== Raw data ==

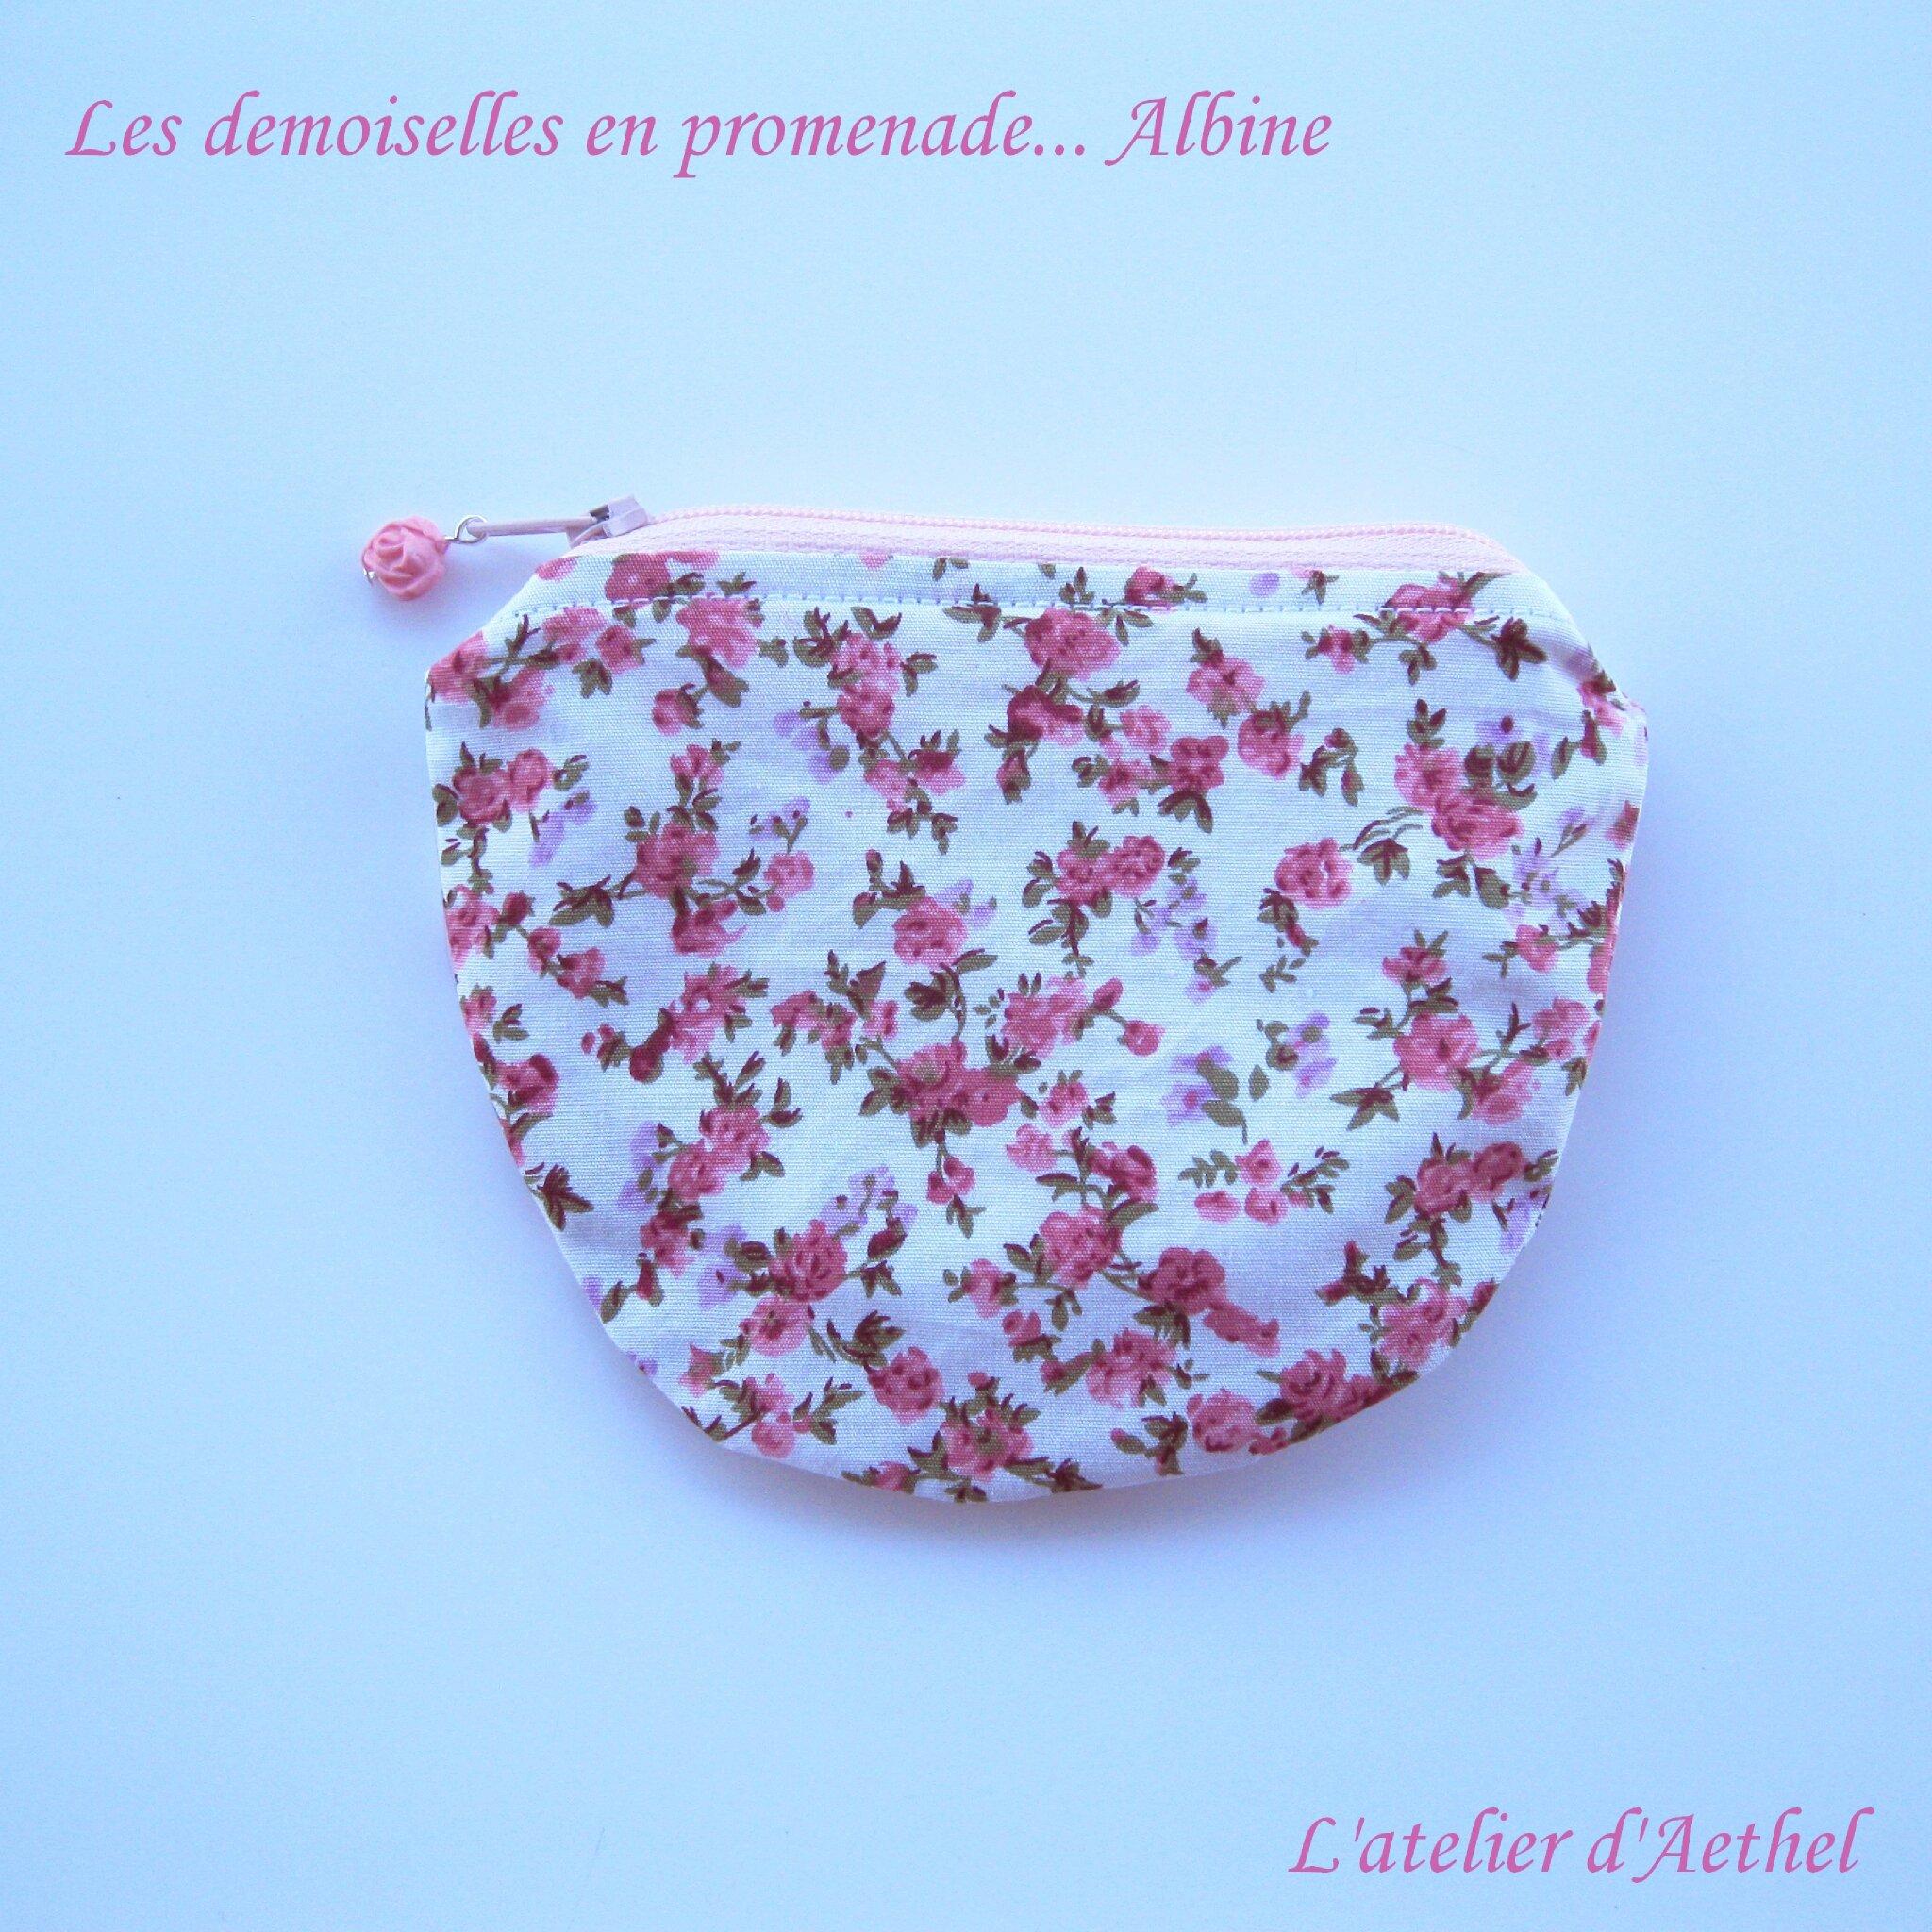 Porte-monnaie Albine, tissu à fleurs rose
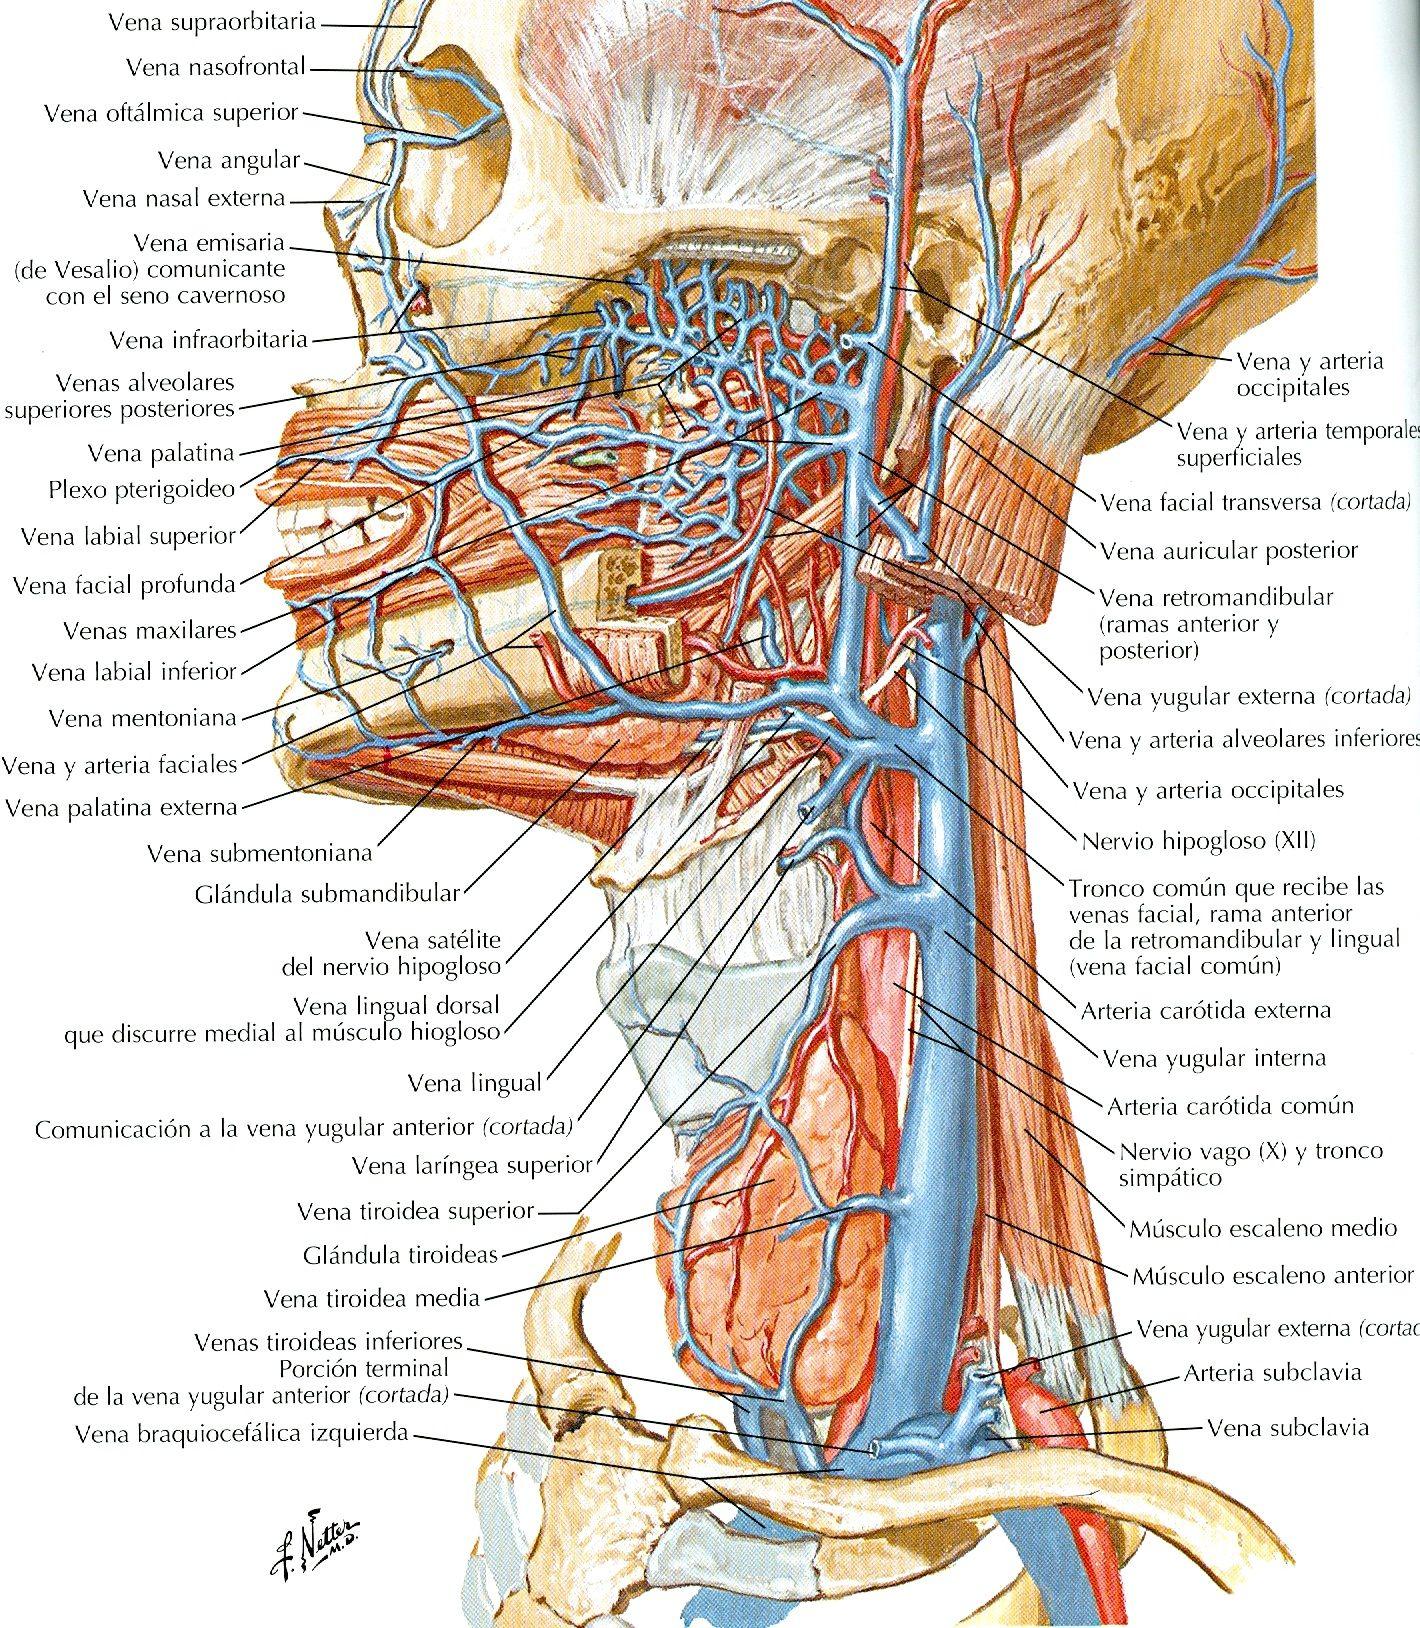 Atlas de anatomía humana. 5ª ed. http://kmelot.biblioteca.udc.es ...
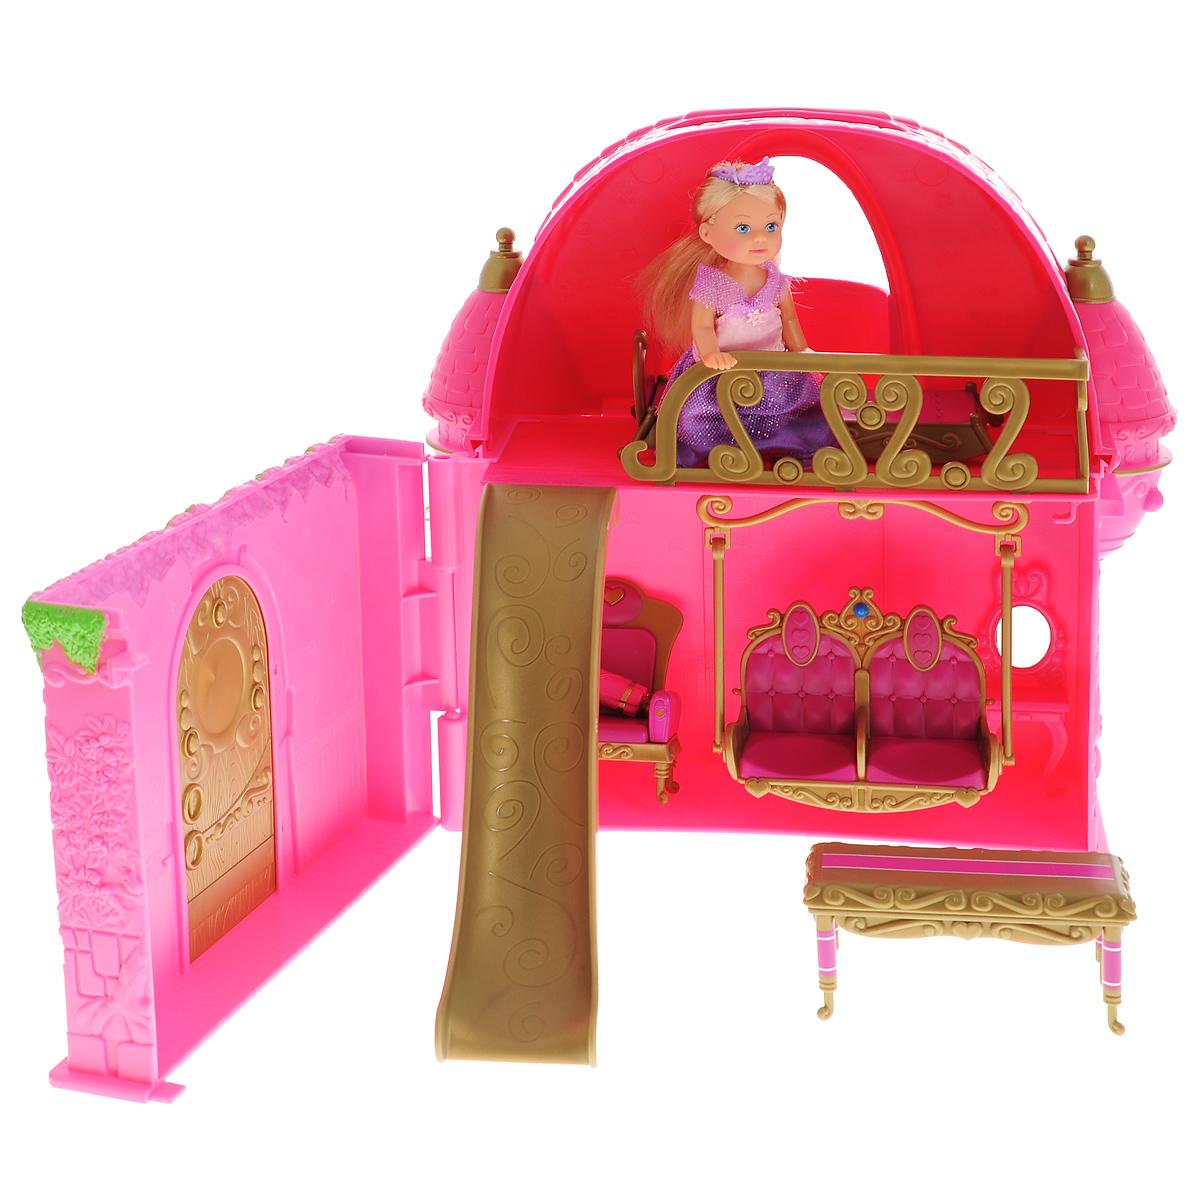 Simba Игровой набор с мини-куклами Сказочный замок для Еви5737146Игровой набор Simba Сказочный замок для Еви представляет собой настоящий волшебный дворец, выполненный в виде чемоданчика. Такой набор привлечет внимание любой девочки и позволит ей окунуться в сказочный мир волшебства. Дворец-чемоданчик легко складывается, а все элементы набора помещаются внутри, что делает его удобным для хранения и транспортировки. В набор входит кукла, фигурки собачки и кошечки, а также мебель для украшения замка и множество аксессуаров для веселого чаепития, включая яркие тортики, пирожные, чайник и чашки. Кукла Еви одета в элегантное платье принцессы, украшенное блестками. Ноги, руки и голова куклы подвижны. Все элементы набора выполнены из прочного безопасного пластика. Ваша малышка сможет часами играть с этим замечательным набором, придумывая различные истории. Такие игры развивают мелкую моторику, художественный вкус и воображение.

===

» Exercise goal
Exactly reproduce the run of lines from the start of the listing through the line with "Atlas de anatomía", inclusive; pictures are not copied.

» Result
 Porte-monnaie Albine, tissu à fleurs rose
 Atlas de anatomía humana. 5ª ed. http://kmelot.biblioteca.udc.es ...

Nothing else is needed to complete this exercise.